I get in my car and look at the list of foods not good for pregnant women. I cringe. I never thought I would be pregnant at 19. I really wanted to tell Eric. But I had to wait. When I'm 16 weeks I'll tell him... Maybe a week or two sooner.

I was scared, I didn't want to get pregnant. I didn't know if I even want to keep it...

I jumped as my phone started ringing. It was Eric. I answered. "H-hello?"

"Hey babe, wanna go for some lunch?" He asks.

My stomach growled at me, I blush and pray he didn't hear that. "I'll take that as a yea?"

Shit. "I'm kind of tired. I think I'm just gonna eat something at home and take a nap."

"Oh, want me to come by?" He asks.

"No, I'm OK, thanks." I say.

"Alright, I'll see you later then, I guess."
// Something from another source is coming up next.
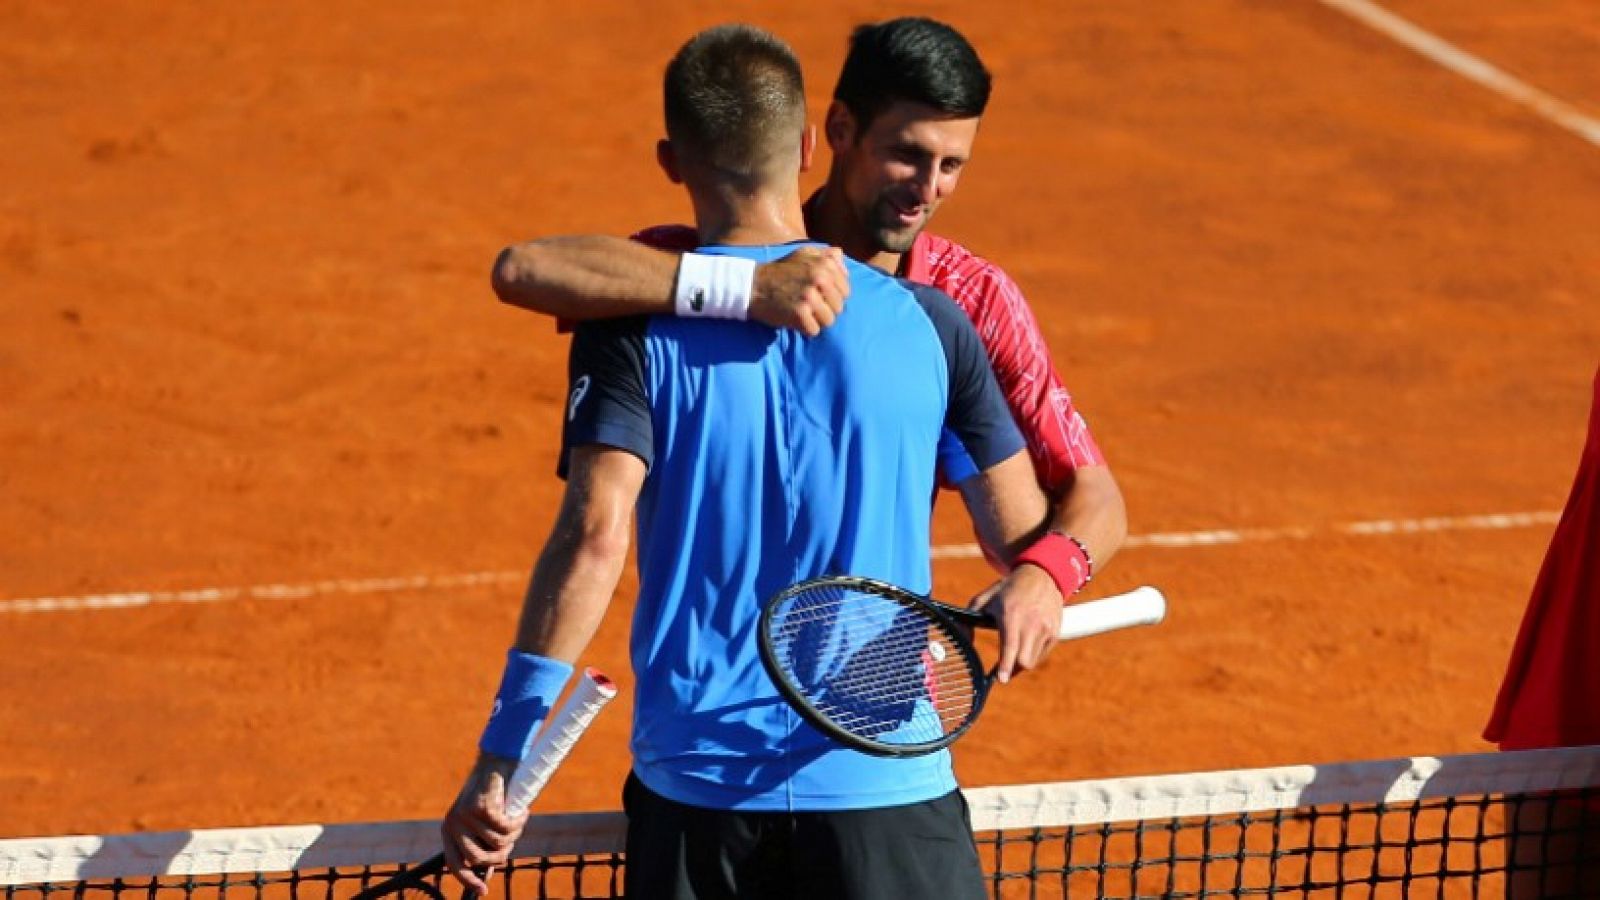 El mundo del tenis, crítico con Djokovic por su positivo por coronavirus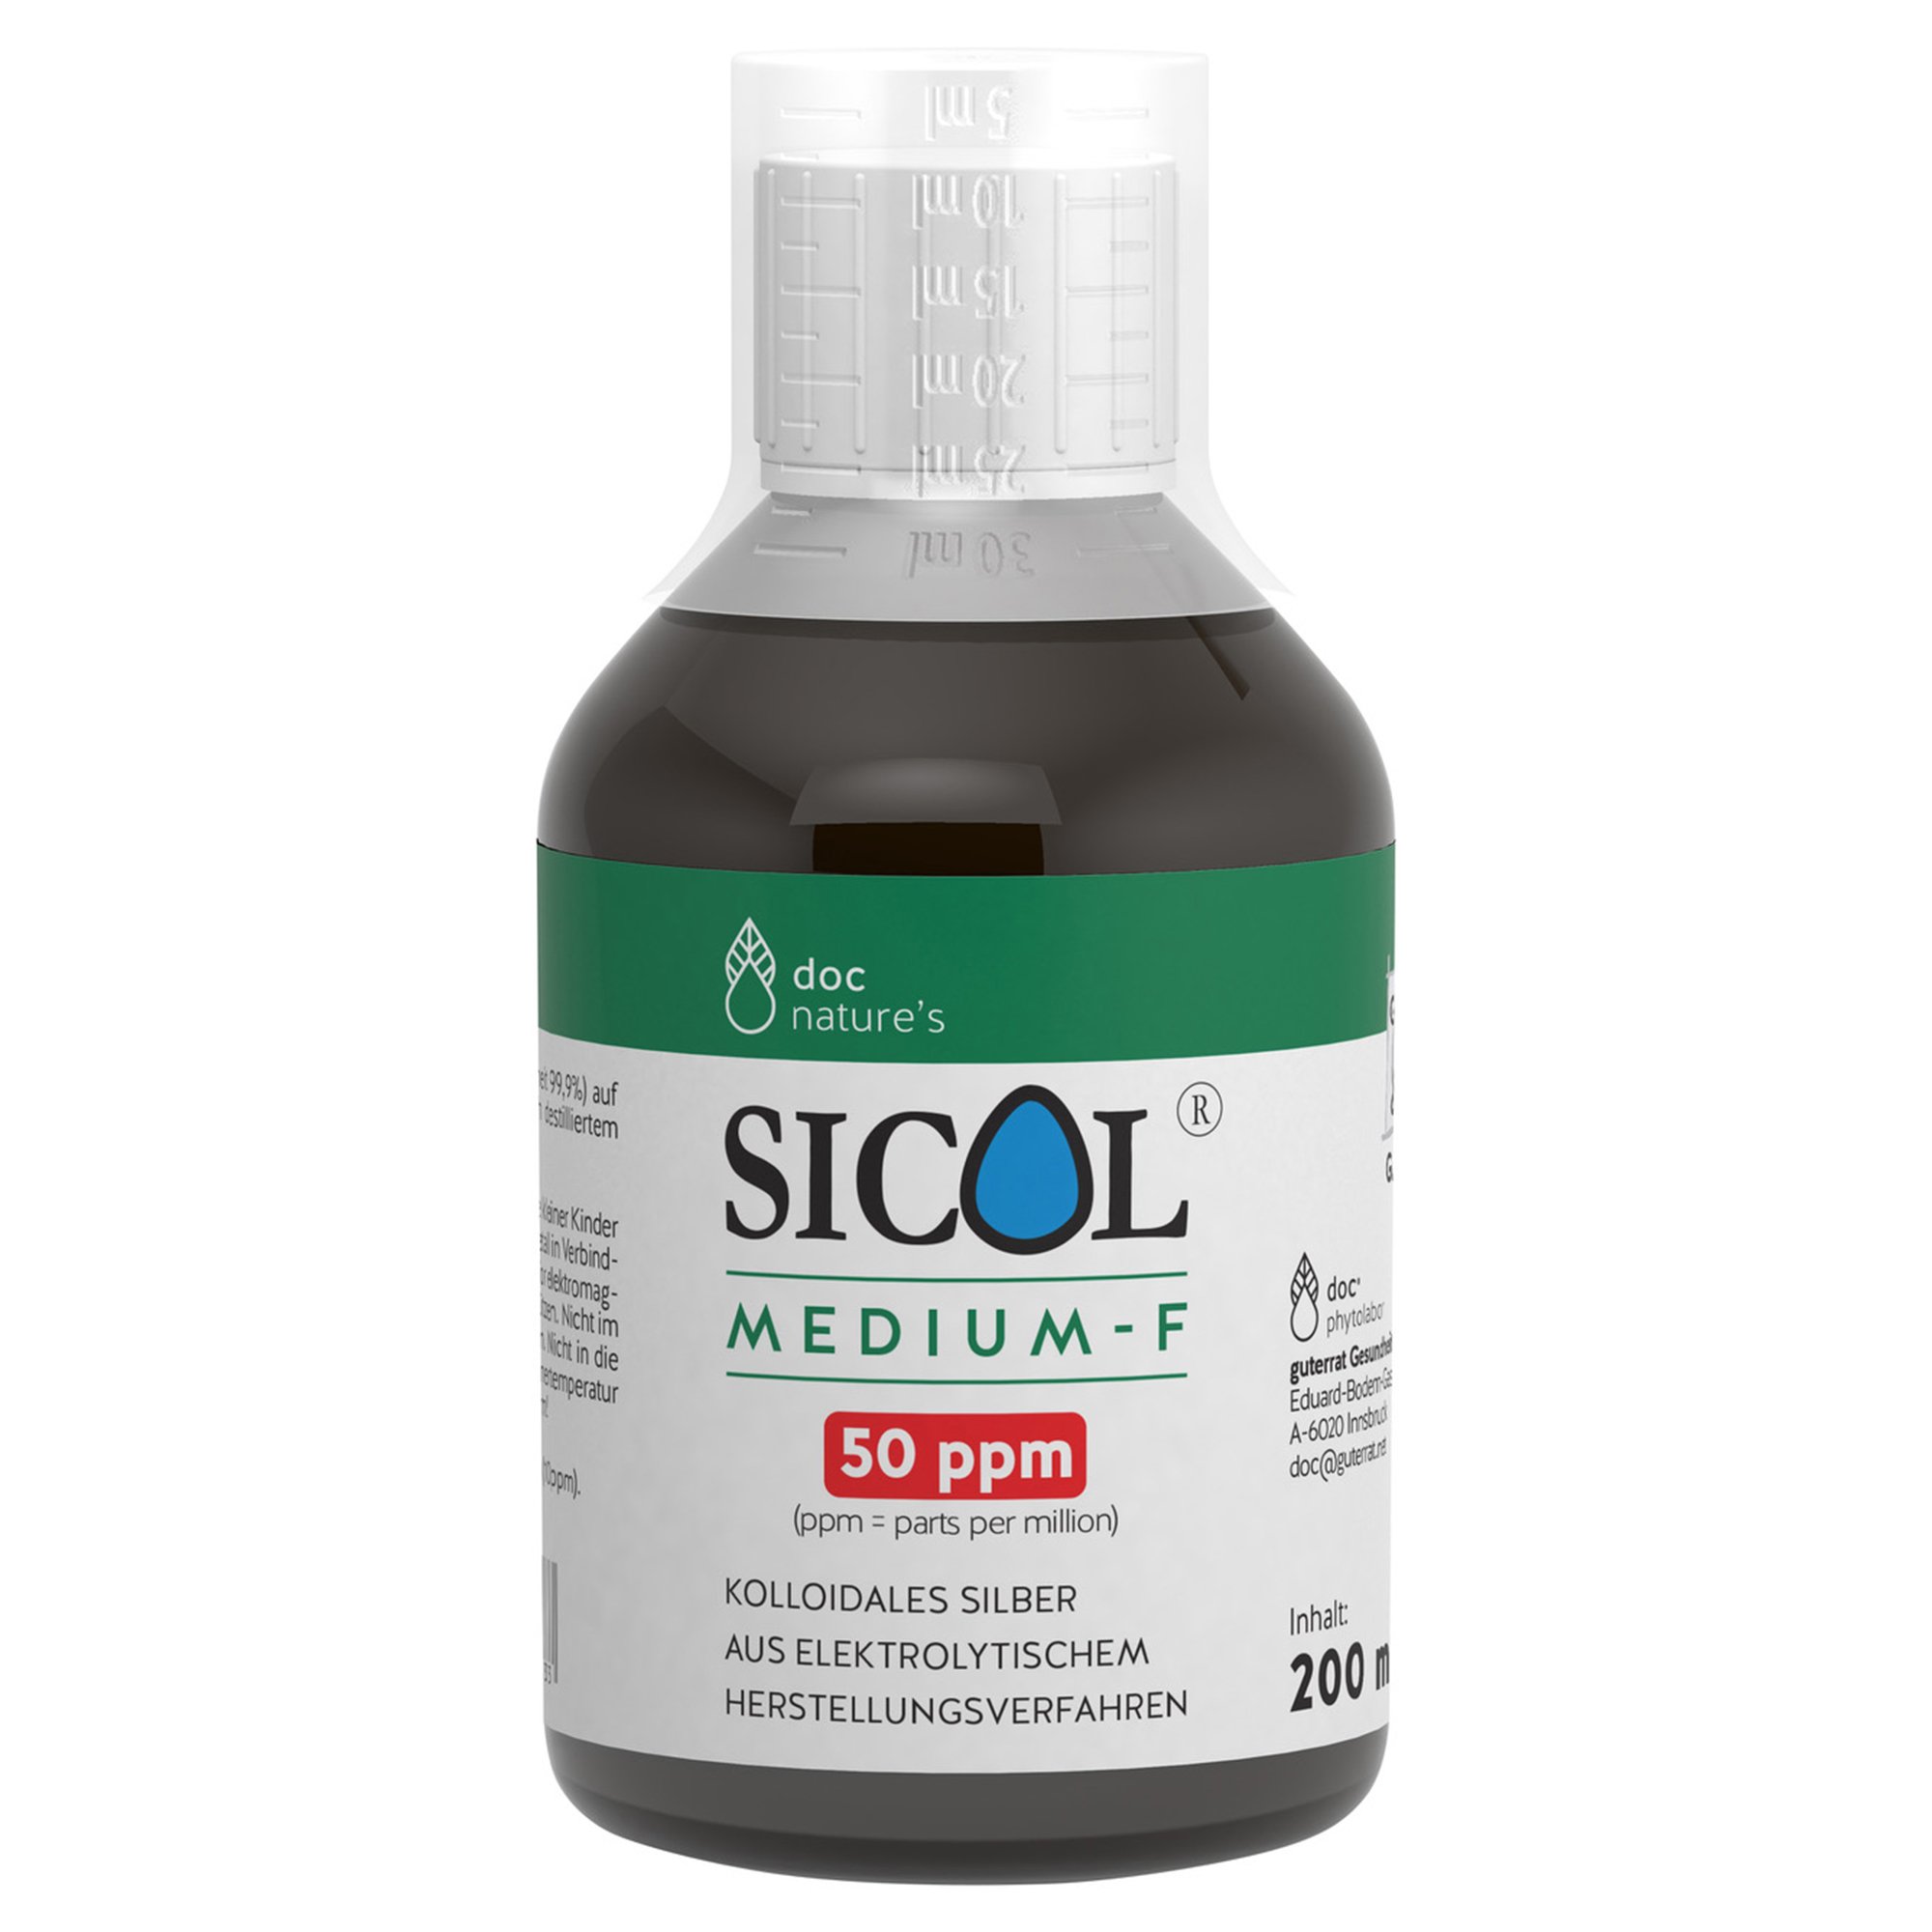 doc nature’s SICOL® MEDIUM-F 50 ppm

"Yeah bye," I hang up and blew air out of my mouth in relief.

-Eternity's POV-

I call Andrew, no response, Alex, nothing, Kiki, Nada. I growl. I dial Tyler's number. He answers. "Hey Eternity, long time no talk. Been avoiding me?"

"Not at all!" I promise. "Just a lot of things have been going on lately."

"It seems that someone is always happening around you." He says.

"Honestly, yeah." I frown. "But all my friends are busy, you wanna hang out?"

"I can't, I'm going out with some friends in a little bit. Maybe tomorrow?" He asks.

My heart started to hurt, "oh. Yeah sure."

"Cool, see you later babe." He hangs up.

I frown, I think that's the first time he ever turned me down to hang out. I shake myself, I'm getting clingy. He isn't my boyfriend and I'm not the only friend in his life. He lives like an hour away. I shake myself again and look around for things to do. It was days like this I cursed myself for living alone.

And having friends I couldn't rely on.